The Myth of Year-Round Abundance

The grocery store has trained people to believe that abundance is permanent. Strawberries in January. Tomatoes in February. Fresh berries, asparagus, and sweet corn every single week of the year. You walk in, and the shelves are full. It feels like it will always be that way.

On the farm, we know better. We live with the seasons, and the seasons do not care about marketing schedules or supply chain promises. Hens lay fewer eggs when the days shorten. Tomato plants die back when the frost comes. Peas, cucumbers, and sweet corn are gone within weeks of their peak. Apples are at their best for a short stretch in the fall. Potatoes store well, but only if you know how to cure them. Milk production in dairy animals shifts with breeding and weather. Nothing is constant, and nothing is guaranteed.

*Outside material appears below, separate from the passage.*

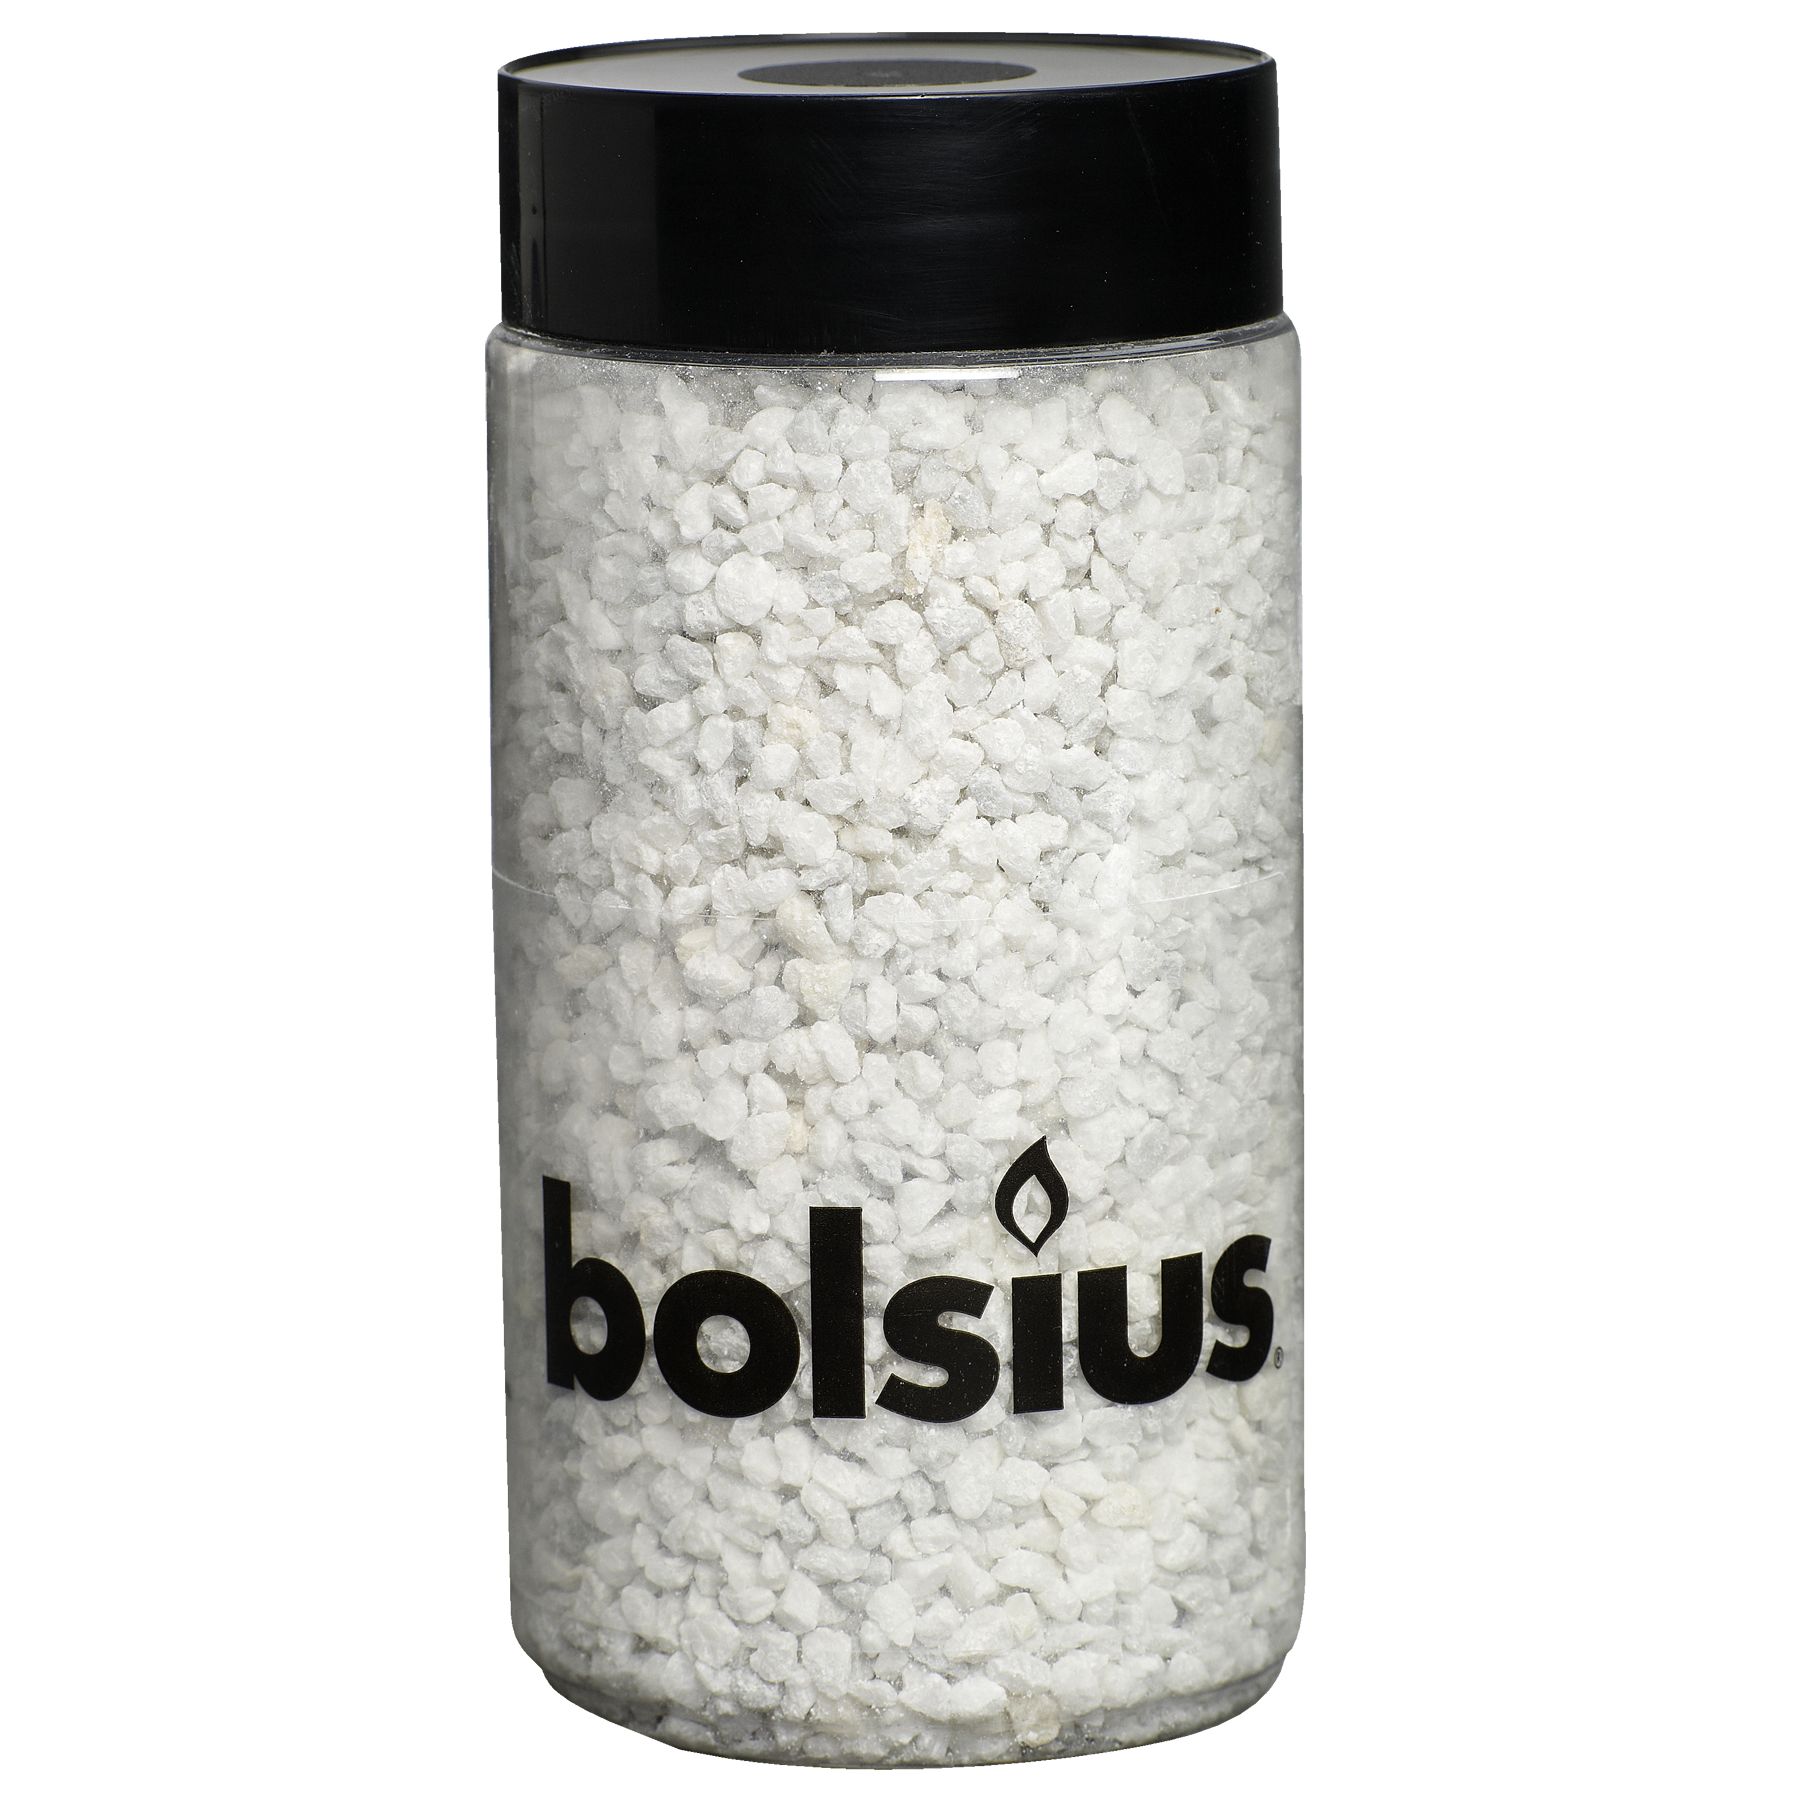 Dekorační kamínky BOLSIUS bílé 2-3mm, 600g

That does not mean we go without. It means we prepare. Every day we set aside food we grow for ourselves. We freeze eggs in the months when we have more than we can eat so we have them when the hens slow down. We can and freeze vegetables. We keep meat in the freezer and dry herbs from the garden. We store onions, squash, and potatoes where they will last through the winter. Our pantry is full because it is built a little at a time, in the months when the work pays off the most. We still go to the store for staples like flour and sugar, but our plan is to eventually grow and mill our own grains for our household and to replace sugar by adding bees to the farm.

What is everyone else doing? Most are going to the store. They are buying food that has been shipped from thousands of miles away and counting on the shelves being stocked when they need it. They are trusting that the supply chain will work perfectly forever. But what if it doesn’t? What if a storm grounds planes, freezes a trucking route, or wipes out a regional crop? What if fuel prices double overnight?

If the store shelves were empty tomorrow, how long could you feed yourself with what you have in your home right now? Could you make it through the next season? Could you make it through the next week?

Eating seasonally used to be normal. People planned meals around what was ready in the garden or what could be stored for winter. They knew when the hens stopped laying and when the root cellar would run low. Now we treat food as something that appears on demand, disconnected from the work and the timing that make it possible. That illusion of year-round abundance has made people forget that food is grown, not stocked.

We live in a time when the question is not whether the system will strain, but when. Preparing is not panic. It is responsibility. It is making sure that when the season changes or the trucks stop running, you still eat. That is what we do here every day, not because we expect disaster, but because history has already shown that nothing stays certain forever.